Defining Project Management

Everybody “knows”…

…what project management is.  And yet, based on my 30 years of management, management consulting and engineering consulting experience, the most powerful and ubiquitous management concept-  managing discrete work- is rarely done well.

At the its most fundamental level, most every assignment you have ever been given can be thought of as a project.

  • What you are supposed to do, defines the “scope” of the project
  • When it has to be done, sets the “schedule” for the scope to be accomplished
  • How much you can invest in creating your deliverable scope defines the “resources“- be it your time, your time with certain equipment, or others’ time either aided or not

So, every activity, project, program is focused on achieving its scope, within a certain schedule while consuming given resources.  Project management must be the way to achieve that singular solution.

Project management is…

…the continuous management of the trade-offs of scope, schedule and resources

Full stop.  It can be, and it is, this simple.

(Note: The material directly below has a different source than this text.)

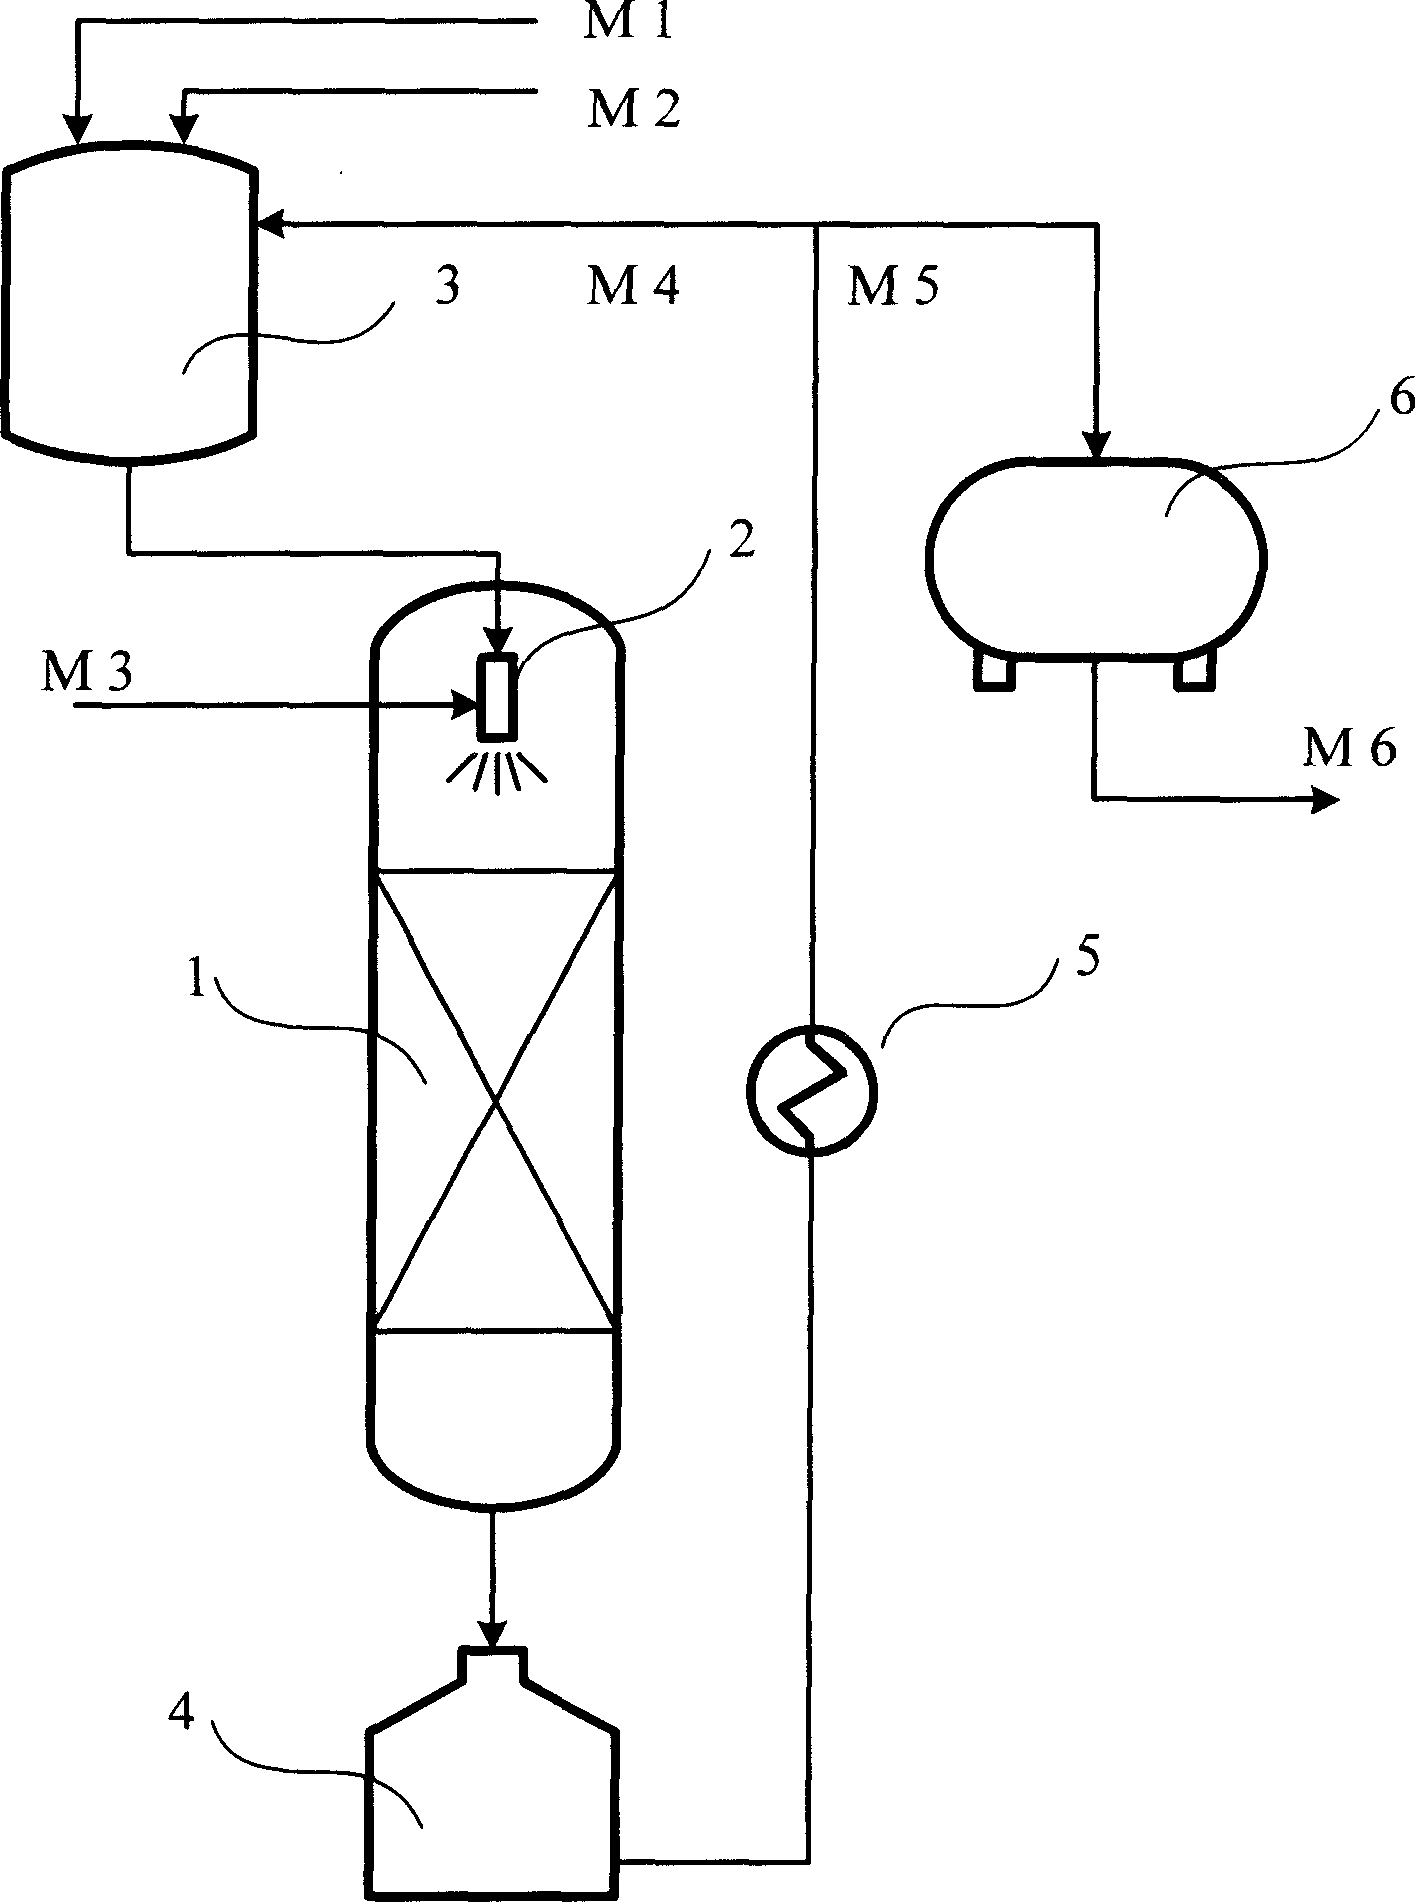 Method of preparing tetrahydrobicyclo pentadiene by continuous hydrogenation of bicyclopentadiene

Many of us do it intuitively, every day.  For example,

  • How much time do I/we spend proofing this report due next month?
  • How many people do we need to build the booth for the church picnic by Wednesday?
  • When will you be done?

And because these are one-off efforts- discrete efforts or work products- we never give it a second thought.  The people who do it well keep getting more work to do, and those who “don’t get it” (be it scope, schedule and/or resources) do not succeed.  It is only when we raise the stakes, do we roll-out this need for “project management”, which is why it is perfect for all these discrete, one-time efforts.

Project Management is ultimately flexible…

You only have to invest in as much project management structure as you need to manage the risk of not achieving your scope, within the the schedule, based on allocated (or most probably, available to you) resources.  Getting a letter mailed this afternoon does not carry the risks of say building a house, nor the risks of launching a new product world-wide. However, they are all projects.  And, they all have three things in common.  They all have: a Scope, a Schedule and some limit on Resources.

When we do encounter higher risk, more complex projects, we can break them down into individual streams of work or we can create separate “work packages” of scope, schedule and resources.

Because each project is discrete, we typically do not spend an inordinate amount of time defining, for example, the scope.  Carrying this example, this leaves us some wiggle room on the quality of the deliverable to the customer of the project (as long as we satisfy our “customer’s” needs).  Or, if we do spend some time understanding what is required (e.g., scope), how often does it come with a “by Friday” (e.g., schedule) and “only spend two hours on it” (e.g., resources).  Hence, we generally have the ability to trade-off between amount of a person’s time, and/or the schedule.  It is this continuous trade-off based on developing, potentially unknowable-at-the-start, information we define as project management.

So what does this mean to me?

When you are receiving day-to-day assignments…

  • Ask what, when and how much?
  • Clarify what is most important, and
  • Discuss potential risks and trade-offs you might anticipate.
  • If you encounter a trade-off outside of “your pay grade”/agreed framework, immediately discuss situation and the options with your resource manager or the assigning manager

When assigning work…

  • Clarify scope, schedule and resources you expect to be accomplished and consumed
  • Think about the risks and how much project management structure is necessary and appropriate to help manage/mitigate the risk (e.g., 15% for 1 to 6 man-month efforts)
  • Secure project lead (and team as appropriate) buy-in to the scope deliverables, scheduled when and expected resource investment (be it time, equipment, etc.)
  • Actively probe the lead and team (informally and formally as appropriate) on key risks and performance

This note has been informed by previous work of the author.  See Reeder, Thomas J. (1995), “Take a flexible approach”, Industrial Engineering, March, pp 29-35.